### WORK INSTRUCTION
Among the entries that follow, the required portion opens with the line containing "Bise raincoat - Cherry" and closes with the line containing "бр. 6, стр. 1". Give that portion again exactly, and nothing else.

____ TASK MATERIAL

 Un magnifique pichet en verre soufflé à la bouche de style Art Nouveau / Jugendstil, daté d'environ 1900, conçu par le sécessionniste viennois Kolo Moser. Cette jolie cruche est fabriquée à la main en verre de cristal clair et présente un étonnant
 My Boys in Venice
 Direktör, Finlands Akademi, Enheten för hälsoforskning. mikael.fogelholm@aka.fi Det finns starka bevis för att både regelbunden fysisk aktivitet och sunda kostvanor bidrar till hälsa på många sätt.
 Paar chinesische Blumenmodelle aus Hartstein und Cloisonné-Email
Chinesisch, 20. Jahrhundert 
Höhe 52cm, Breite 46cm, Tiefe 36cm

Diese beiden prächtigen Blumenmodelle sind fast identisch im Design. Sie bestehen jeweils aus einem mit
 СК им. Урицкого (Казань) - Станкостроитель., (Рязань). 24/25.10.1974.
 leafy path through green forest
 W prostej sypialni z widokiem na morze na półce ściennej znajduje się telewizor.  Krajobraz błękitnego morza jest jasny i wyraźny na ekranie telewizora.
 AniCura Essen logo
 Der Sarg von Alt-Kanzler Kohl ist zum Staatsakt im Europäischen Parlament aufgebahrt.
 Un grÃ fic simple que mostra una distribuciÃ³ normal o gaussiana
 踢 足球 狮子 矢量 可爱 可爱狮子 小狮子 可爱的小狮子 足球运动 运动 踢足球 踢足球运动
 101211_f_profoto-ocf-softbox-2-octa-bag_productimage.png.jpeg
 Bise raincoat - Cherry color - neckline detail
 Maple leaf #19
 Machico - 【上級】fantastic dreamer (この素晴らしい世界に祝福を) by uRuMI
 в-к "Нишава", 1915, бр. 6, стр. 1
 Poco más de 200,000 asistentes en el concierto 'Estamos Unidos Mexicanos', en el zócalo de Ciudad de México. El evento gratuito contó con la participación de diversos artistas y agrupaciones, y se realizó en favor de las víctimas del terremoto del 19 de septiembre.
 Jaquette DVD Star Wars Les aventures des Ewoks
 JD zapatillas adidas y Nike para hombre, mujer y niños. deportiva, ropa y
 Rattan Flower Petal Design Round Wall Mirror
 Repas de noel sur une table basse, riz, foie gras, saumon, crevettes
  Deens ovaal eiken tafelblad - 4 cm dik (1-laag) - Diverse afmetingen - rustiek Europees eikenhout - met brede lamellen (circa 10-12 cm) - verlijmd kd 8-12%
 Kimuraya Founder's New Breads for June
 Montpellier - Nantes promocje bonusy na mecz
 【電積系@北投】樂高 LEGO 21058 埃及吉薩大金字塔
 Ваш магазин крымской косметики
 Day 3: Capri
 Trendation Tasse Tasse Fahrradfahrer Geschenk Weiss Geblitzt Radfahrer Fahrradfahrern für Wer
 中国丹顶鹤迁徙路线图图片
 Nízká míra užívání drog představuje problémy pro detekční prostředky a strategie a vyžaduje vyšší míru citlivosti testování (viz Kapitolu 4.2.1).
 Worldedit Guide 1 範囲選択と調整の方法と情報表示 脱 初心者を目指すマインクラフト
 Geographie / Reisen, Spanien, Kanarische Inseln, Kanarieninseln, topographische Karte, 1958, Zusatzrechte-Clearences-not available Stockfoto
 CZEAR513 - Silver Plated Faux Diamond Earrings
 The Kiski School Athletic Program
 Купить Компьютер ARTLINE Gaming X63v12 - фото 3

________

### ANSWER BOX
 Bise raincoat - Cherry color - neckline detail
 Maple leaf #19
 Machico - 【上級】fantastic dreamer (この素晴らしい世界に祝福を) by uRuMI
 в-к "Нишава", 1915, бр. 6, стр. 1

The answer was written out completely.